Set the key shares and key thresholds to 1 (in secure deployment you would have multiple keys and the threshold defines how many people would need to be input for the secrets database to be unlocked. So say for example key shares = 7, key threshold = 3 would mean you could have seven people that could unlock, but only three need to be present at unlock time).
Click Intialize.
Copy the Initial Root Token and Keys to a safe location, and click Continue to Unseal.
Website asks for Unseal Key Portion, put your key 1 details in that you saved above.
Now you'd set up proper Role based access and other tokens for development.
Don't use this root token in code
Let's create a non-root token.
Let's associate the root pi user with the root vault user, copy the intial root token details in to the VAULT_TOKEN environment variable below. (This is not a secure configuration)
1sudo -s
2echo "export PATH=$PATH:/opt/vault/bin" >> /root/.bashrc
3echo "export VAULT_ADDR=http://127.0.0.1:8200" >> /root/.bashrc
4echo "export VAULT_TOKEN=<myInitialRootToken>" >> /root/.bashrc
5vault token create -policy=default
This will dump out a new token like so:
Save these details ready for the next step.
Connecting the Vault CLI to the Vault Service
So we've to this point we've downloaded and installed vault on to our Pi. But the Vault Command Line Utility can't talk to it.
1vault status
Make sure vault config file can be read by all users.
1sudo chmod a+r /etc/vault.hcl
Environment variables that enable the Vault CLI to connect to the service. We put them in the bash profile so they load up everytime user logs in.

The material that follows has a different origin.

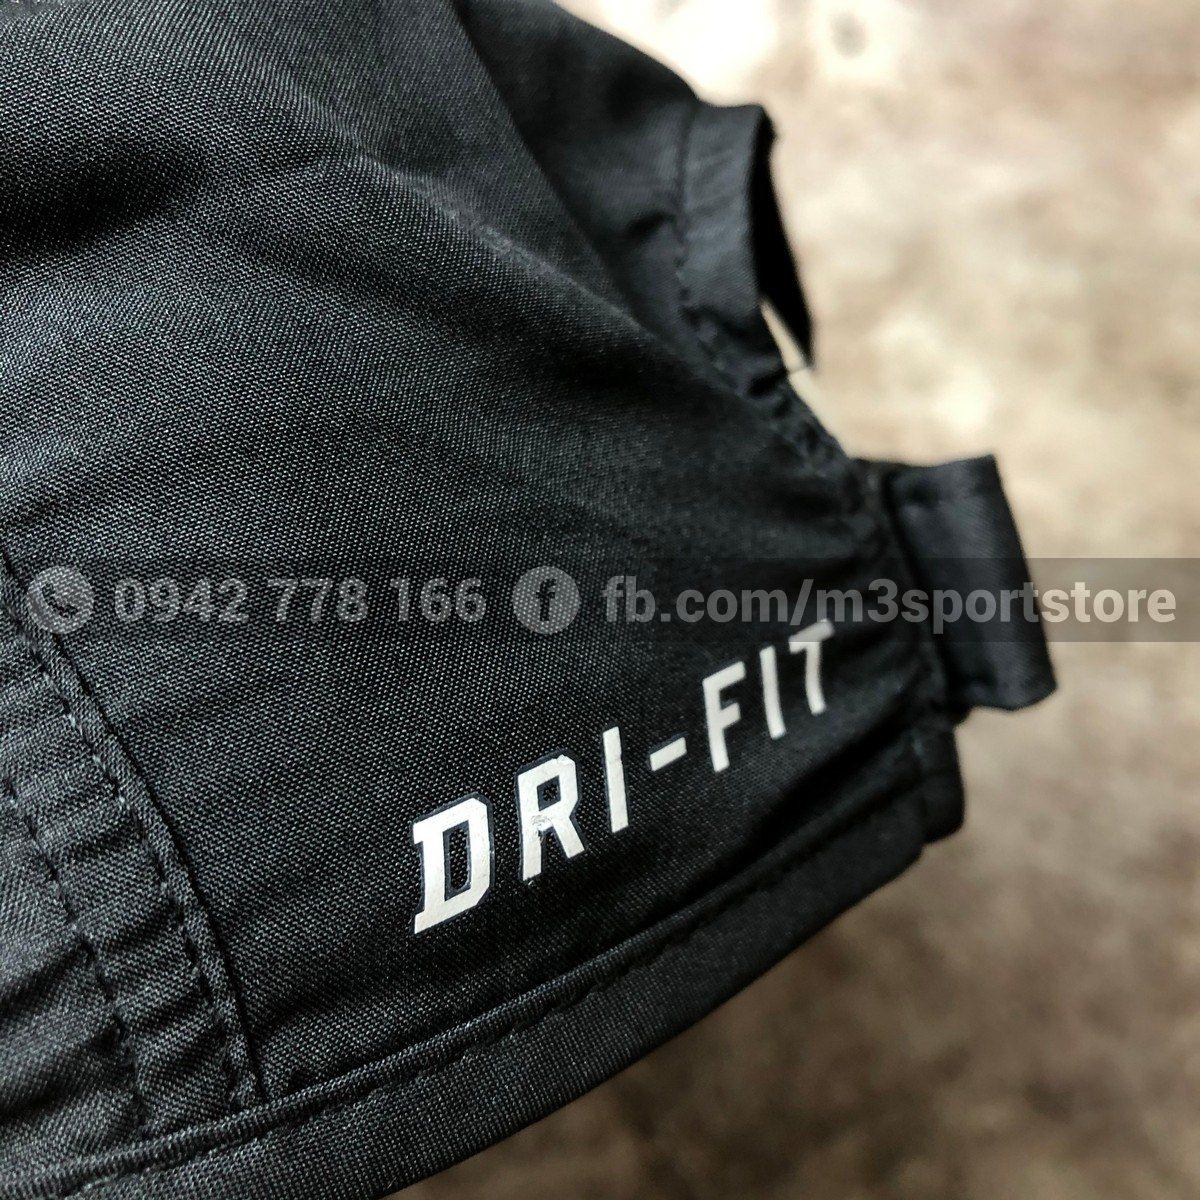 Mũ thể thao NIKE DRI-FIT TENNIS RUNNING CAP HAT 611811

1echo "export PATH=$PATH:/opt/vault/bin" >> ~/.bashrc
2echo "export VAULT_ADDR=http://127.0.0.1:8200" >> ~/.bashrc
3echo "export VAULT_TOKEN=<myNewToken>" >> ~/.bashrc
Log Out and Log back in again. Run a Vault Status...
1vault status
Let's create a quick secret...
In your "normal" user which we've configured run the following command:
1vault kv put -mount=cubbyhole hello foo=world
You should get a response of:
1Success! Data written to: cubbyhole/hello
...and be able to see it through the Vault Web UI (if you've logged in as the right token)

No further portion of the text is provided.